- **Dataset content**
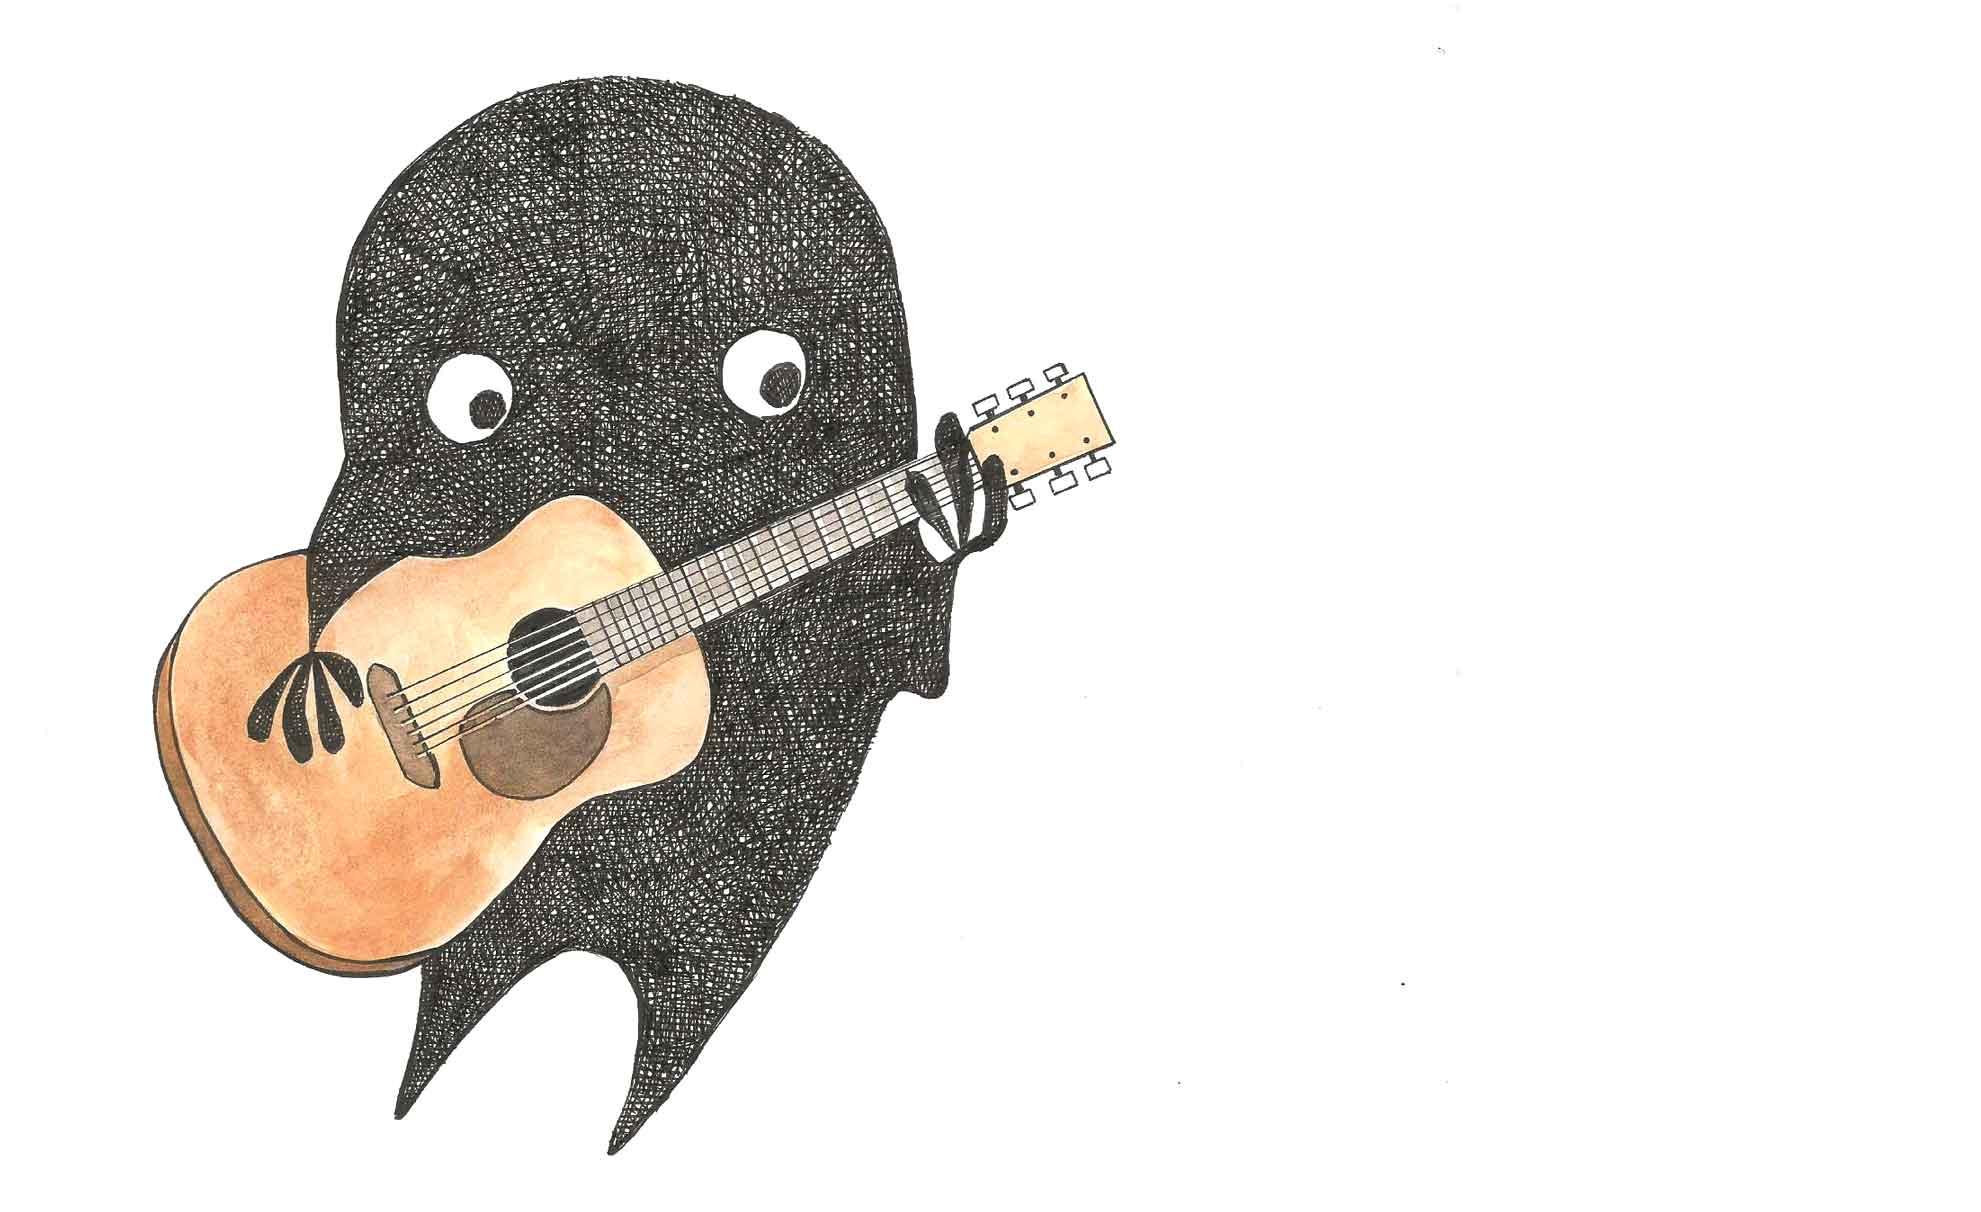 香菸先生繪 拿著吉他的小黑人
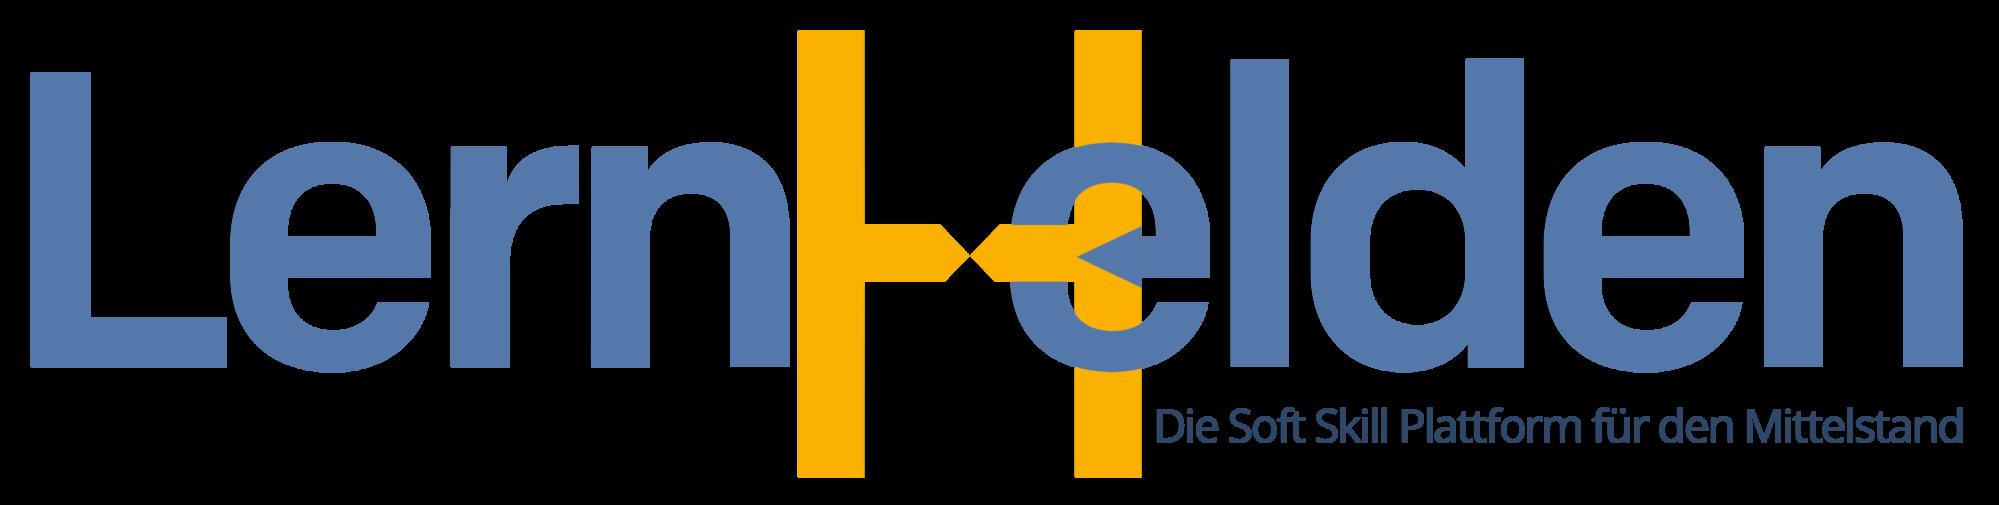 LernHelden.online Logo steht für die LernHelden.online Marke der Pischel/Lang GbR
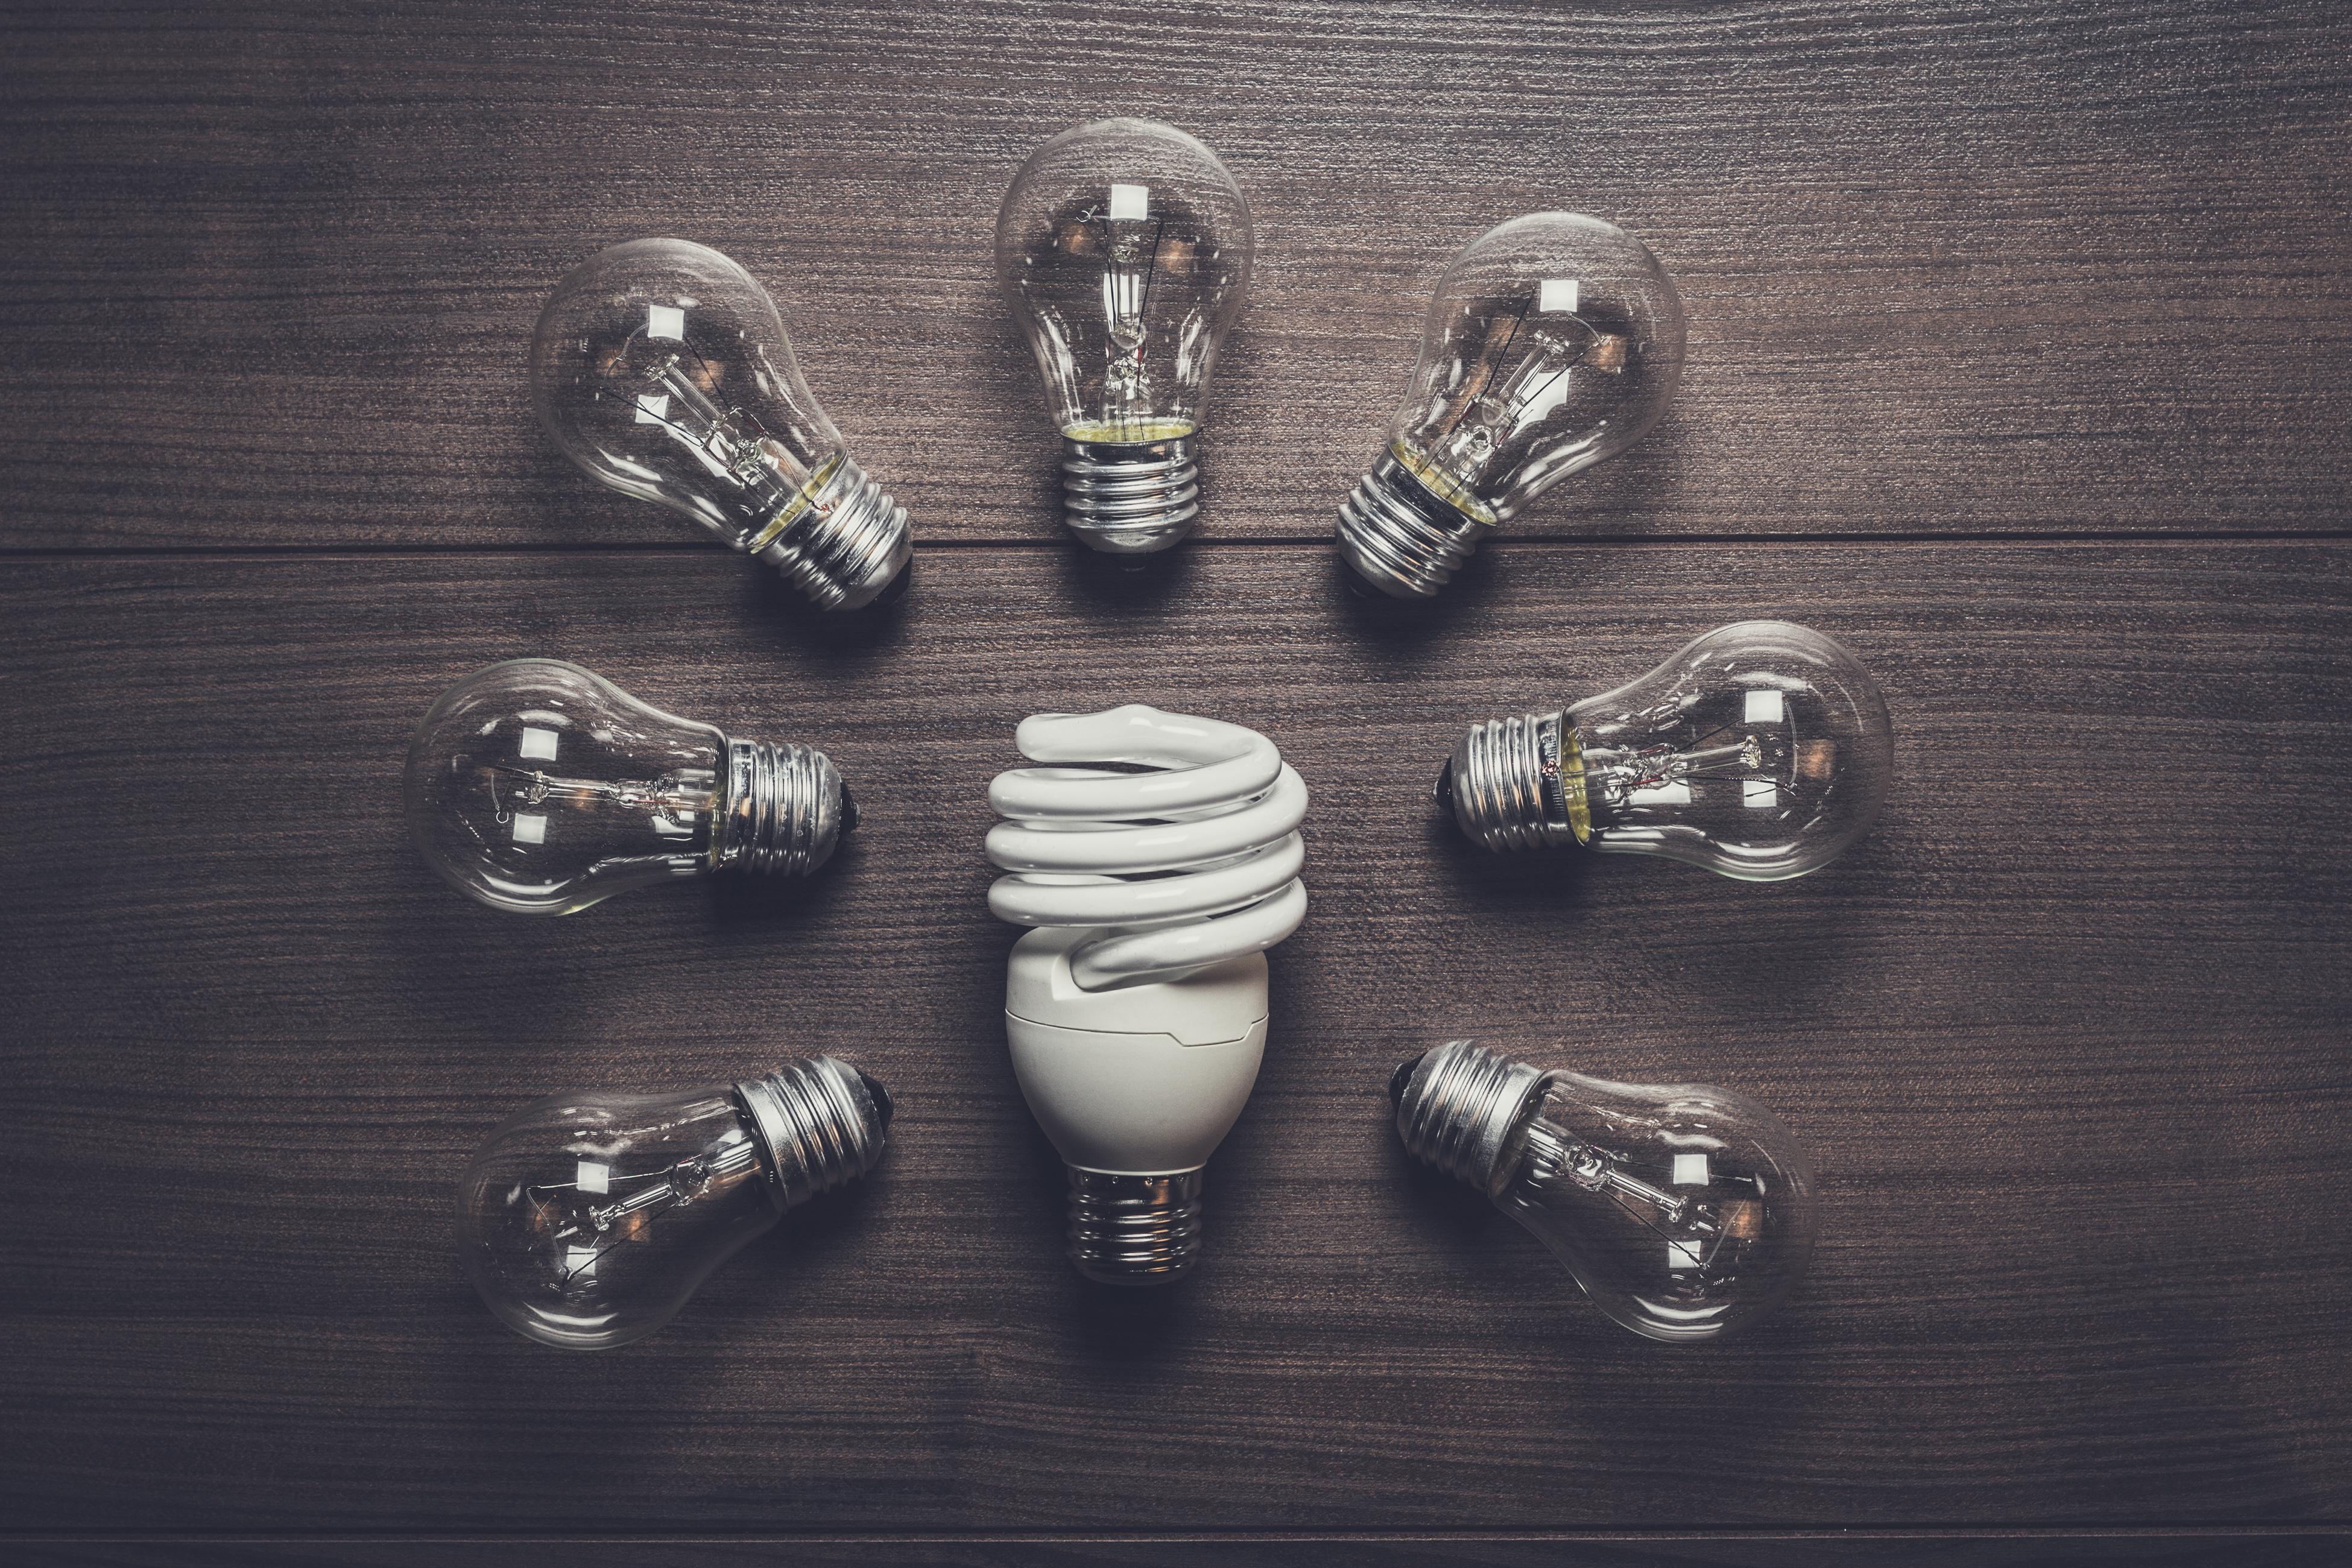 University sees sustainability improvements from energy partnership

- **What you will do**
Repeat the material exactly and drop each image.

- **Completed task**
 香菸先生繪 拿著吉他的小黑人
 LernHelden.online Logo steht für die LernHelden.online Marke der Pischel/Lang GbR
 University sees sustainability improvements from energy partnership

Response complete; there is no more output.